Послышался гневный окрик матери: «Леонар!..» — а между тем Поль ловким приемом боксера отклонил удар так же спокойно, как если бы это происходило в зале Кейзера, и, не выпуская отведенной вниз руки отца, прошептал:

— Нет, нет, этого уж я не позволю!

Старый овернец в бешенстве пытался высвободиться, но, как он ни был еще силен, его противник оказался сильнее. И в эту страшную минуту, когда отец и сын стояли друг против друга с лицами, искаженными ненавистью, обмениваясь взглядами убийц, дверь из гостиной приоткрылась и в ней показалось младенчески добродушное, улыбающееся лицо дородной дамы, разукрашенной перьями и цветами.

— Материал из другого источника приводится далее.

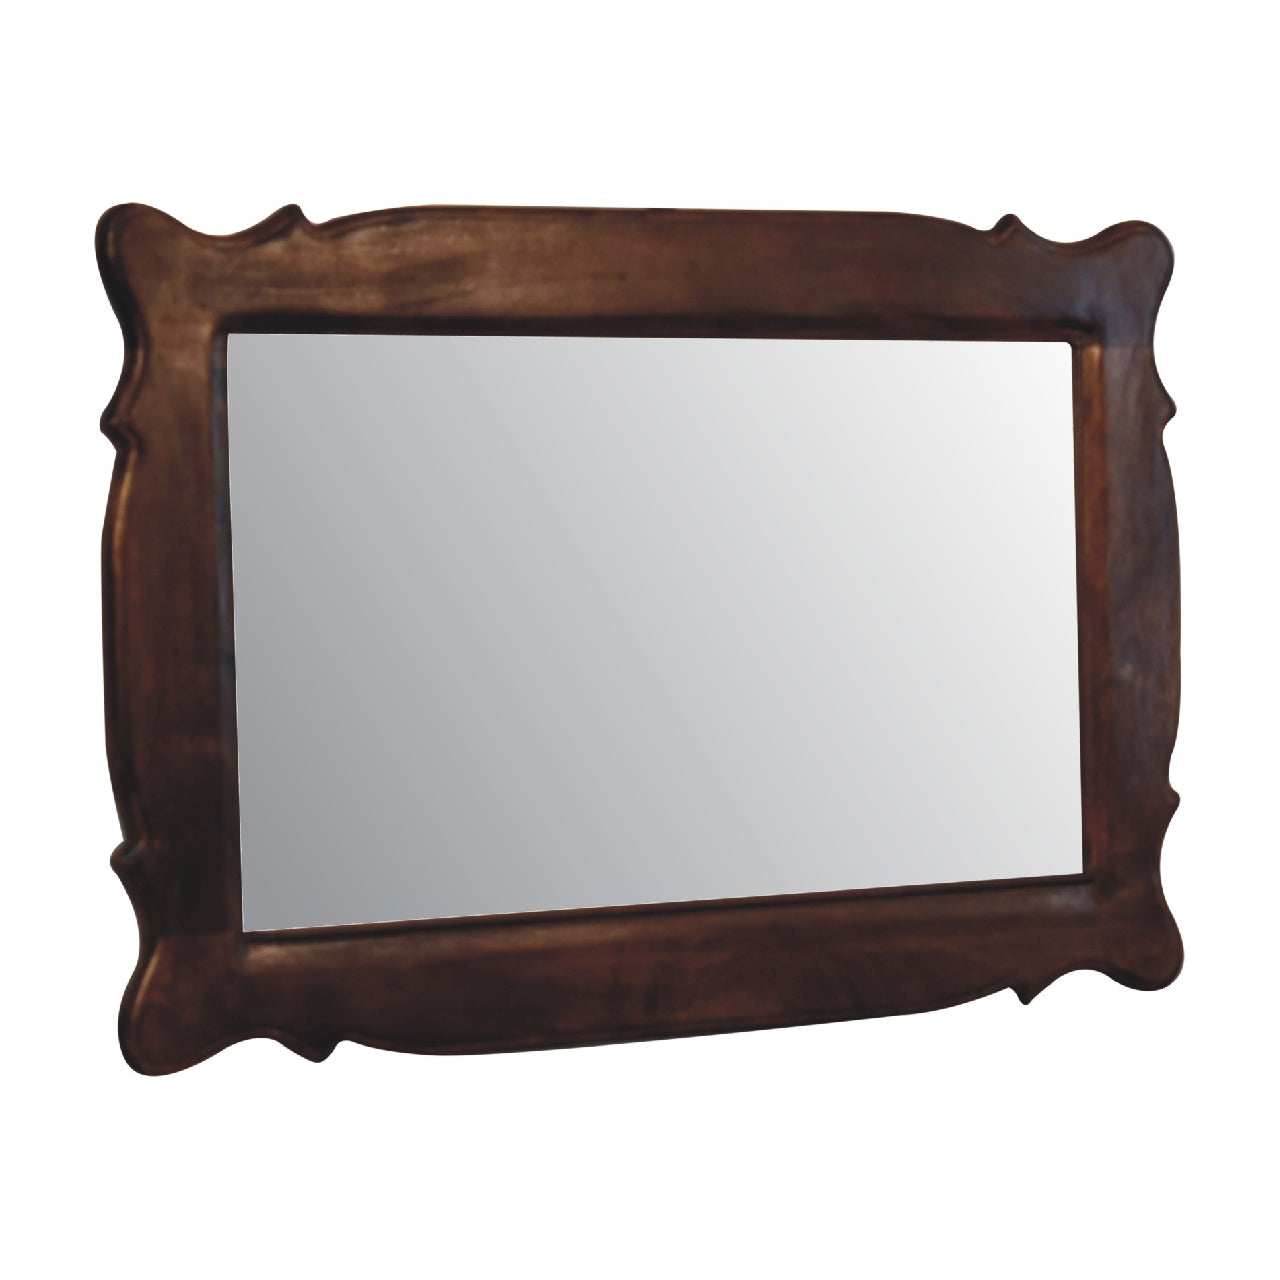 View Chestnut Oblong Mirror Frame information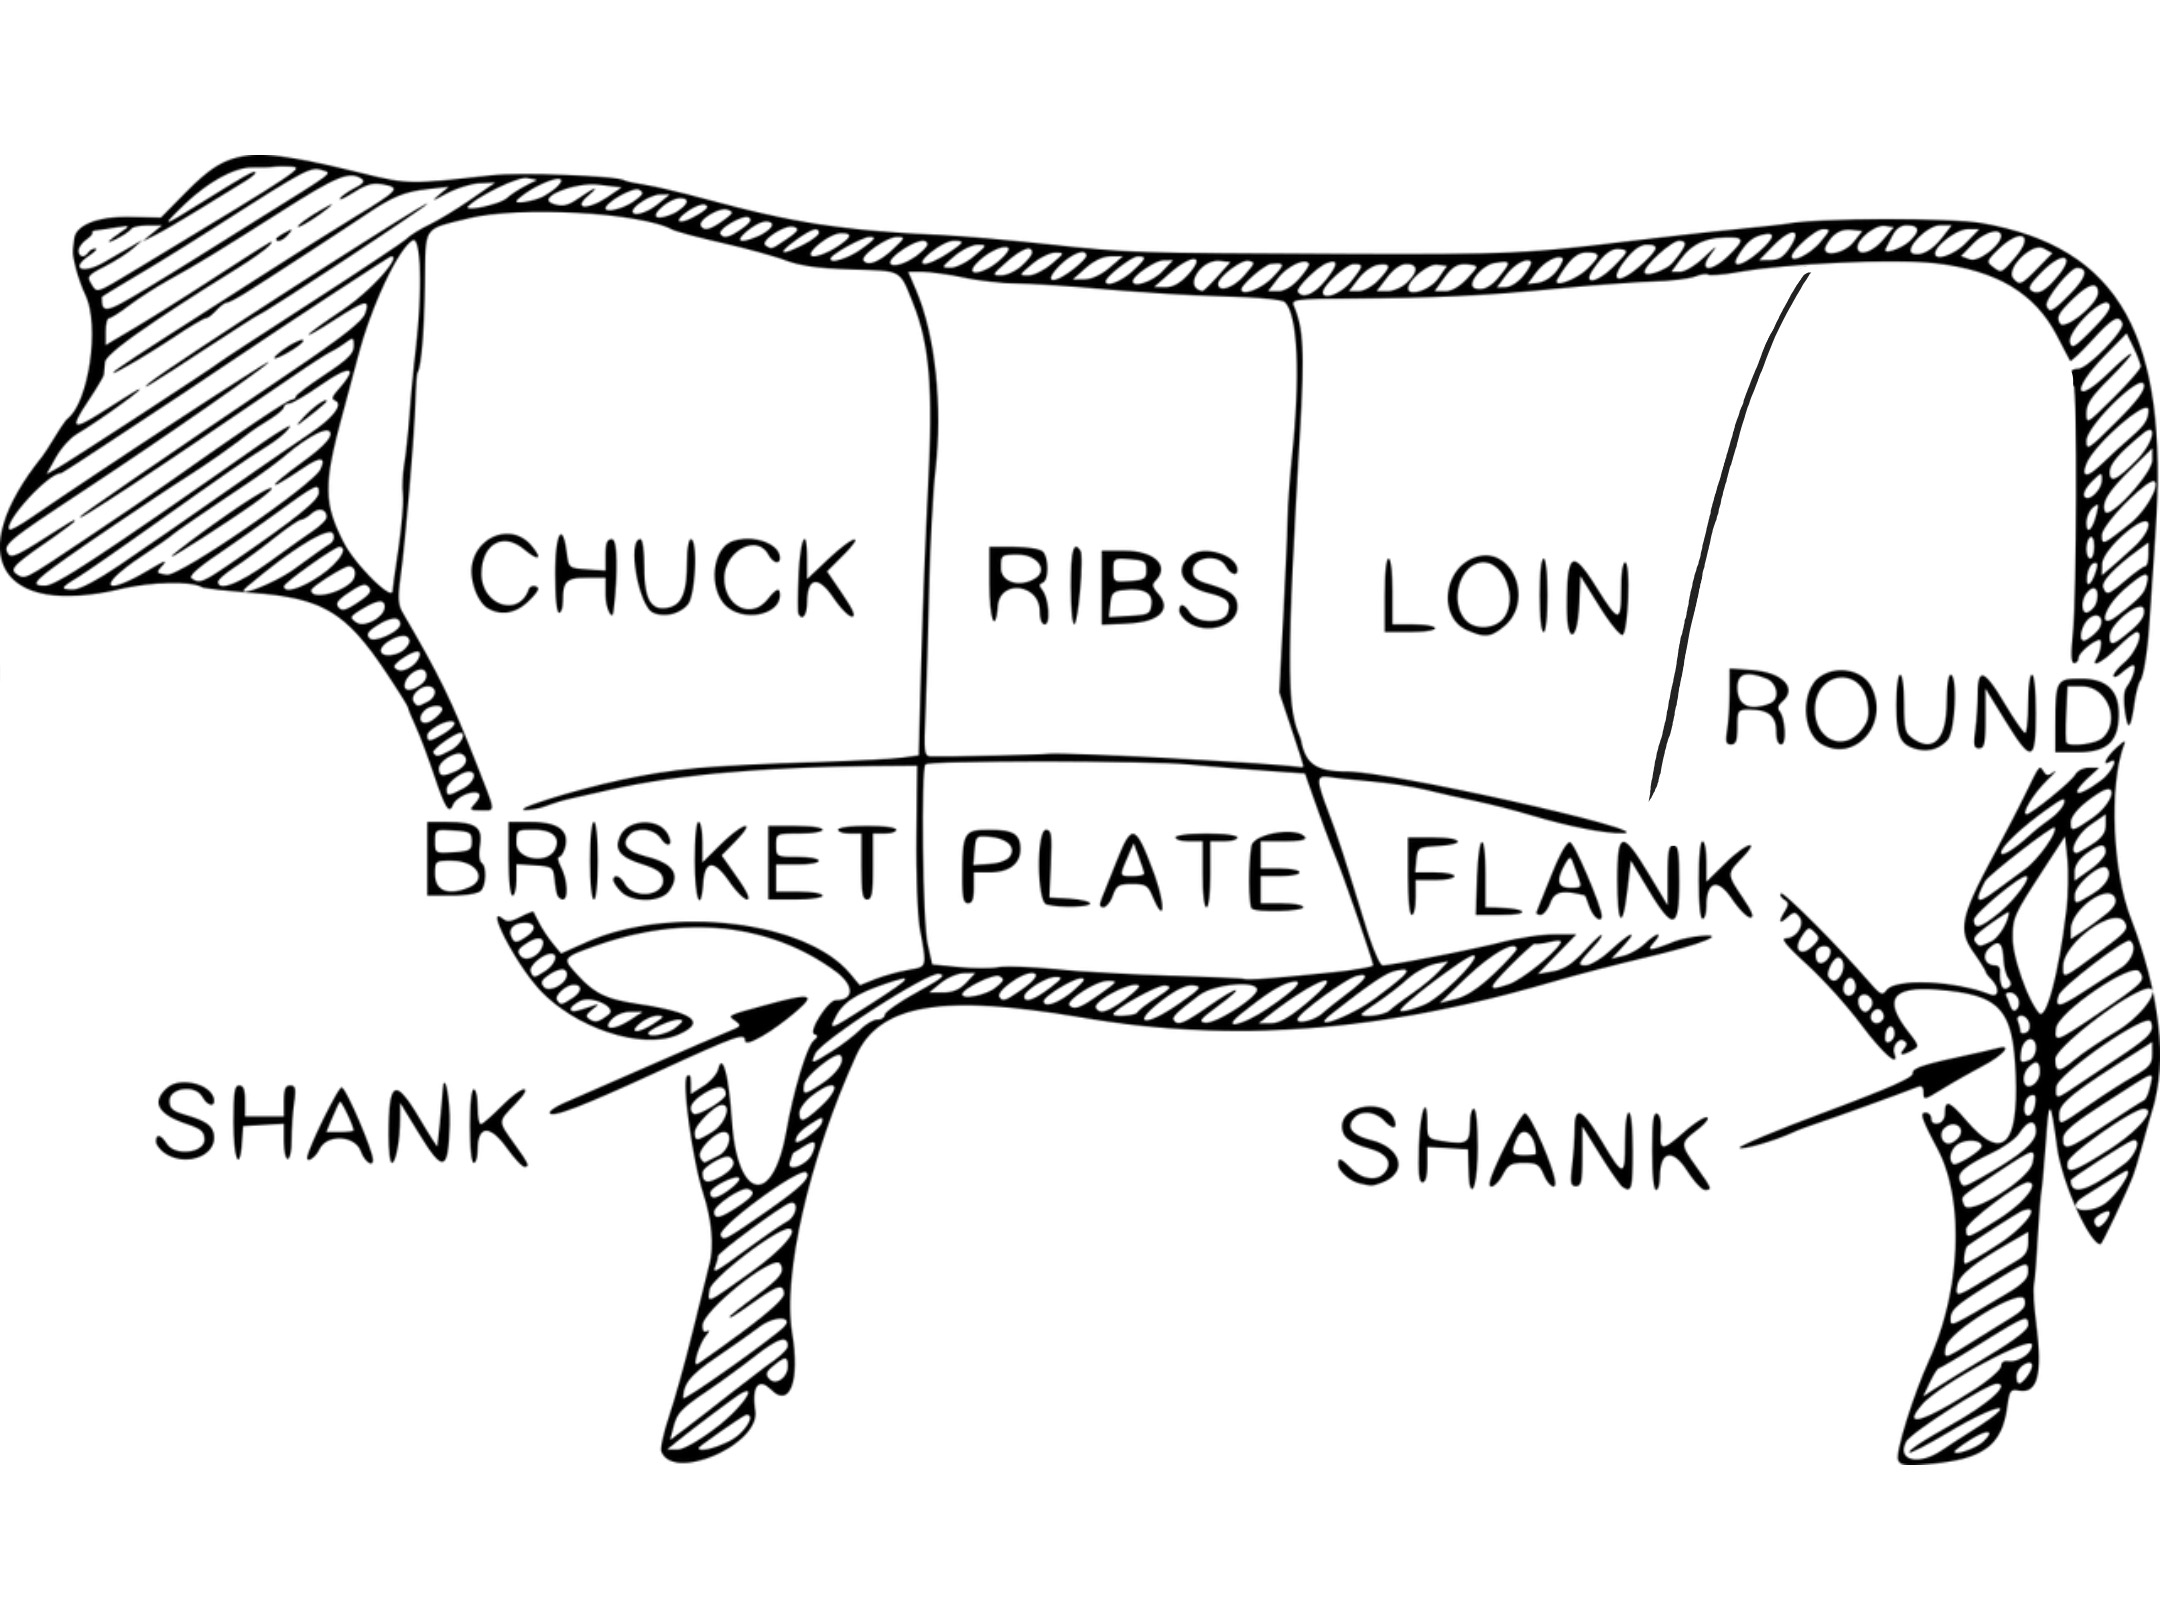 Understanding Primal Cuts and American Beef Grading

— Простите, дорогой мэтр! Мне нужно вам сказать два слова... Ах, и Аделаида здесь!.. И господин Поль!.. Очаровательно!.. Божественно!.. Ох!.. Ах!.. Семейная картина!..

В самом деле, это была семейная картина, вернее, картина современной семьи, расколотой глубокой трещиной. Эта трещина проходит сверху донизу сквозь все европейское общество, подрывая принципы иерархии и авторитета, и она особенно грозна здесь, под величественным куполом дворца Мазарини, где производится оценка семейных и всяких иных традиционных добродетелей, где за них выдаются награды.